Analytics and Data Science, Kennesaw State University, Kennesaw, USA.
Department of Computer Science, Kennesaw State University, Marietta, USA.
Methods. 2020 Feb 15;173:24-31. doi: 10.1016/j.ymeth.2019.06.017. Epub 2019 Jun 25.
Cancer is a genetic disease comprising multiple subtypes that have distinct molecular characteristics and clinical features. Cancer subtyping helps in improving personalized treatment and making decision, as different cancer subtypes respond differently to the treatment. The increasing availability of cancer related genomic data provides the opportunity to identify molecular subtypes. Several unsupervised machine learning techniques have been applied on molecular data of the tumor samples to identify cancer subtypes that are genetically and clinically distinct.

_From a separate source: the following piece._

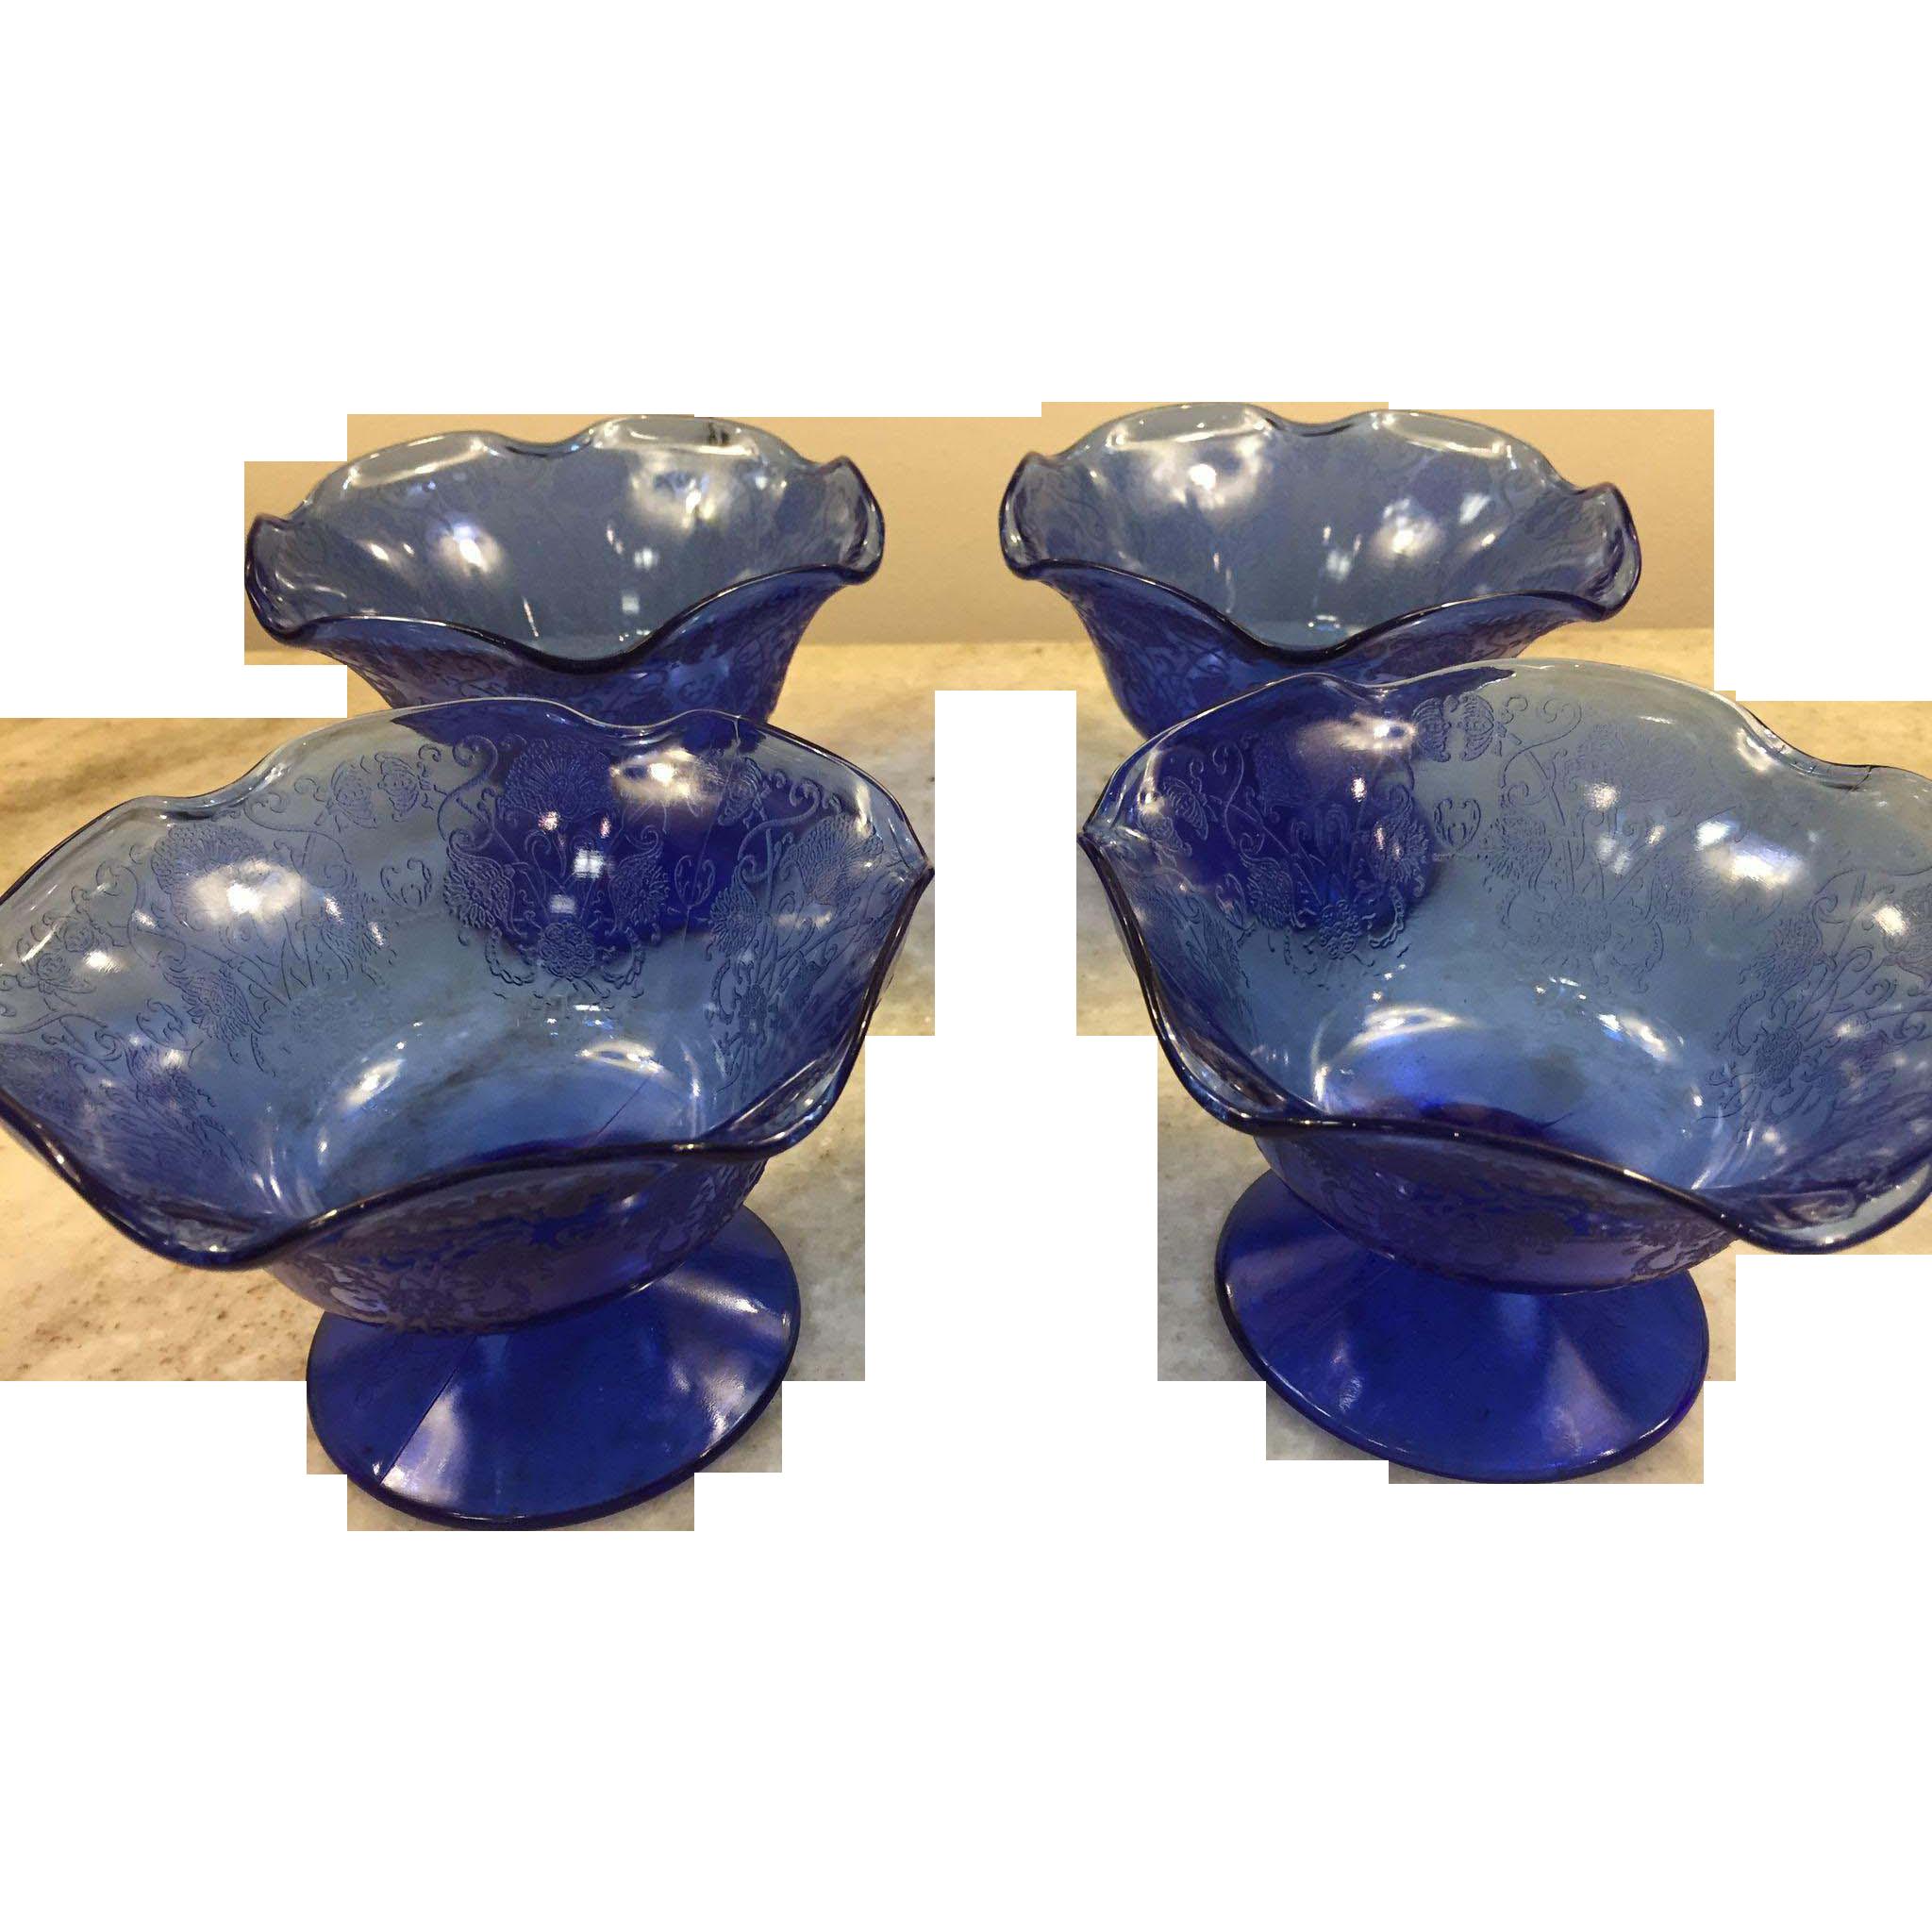 Set of 4 Florentine Poppy #1 Cobalt Blue Ruffled Comports 1932-1935 Depression Glass

However, most clustering methods often fail to efficiently cluster patients due to the challenges imposed by high-throughput genomic data and its non-linearity. In this paper, we propose a pathway-based deep clustering method (PACL) for molecular subtyping of cancer, which incorporates gene expression and biological pathway database to group patients into cancer subtypes. The main contribution of our model is to discover high-level representations of biological data by learning complex hierarchical and nonlinear effects of pathways. We compared the performance of our model with a number of benchmark clustering methods that recently have been proposed in cancer subtypes. We assessed the hypothesis that clusters (subtypes) may be associated to different survivals by logrank tests. PACL showed the lowest p-value of the logrank test against the benchmark methods. It demonstrates the patient groups clustered by PACL may correspond to subtypes which are significantly associated with distinct survival distributions. Moreover, PACL provides a solution to comprehensively identify subtypes and interpret the model in the biological pathway level. The open-source software of PACL in PyTorch is publicly available at https://github.com/tmallava/PACL.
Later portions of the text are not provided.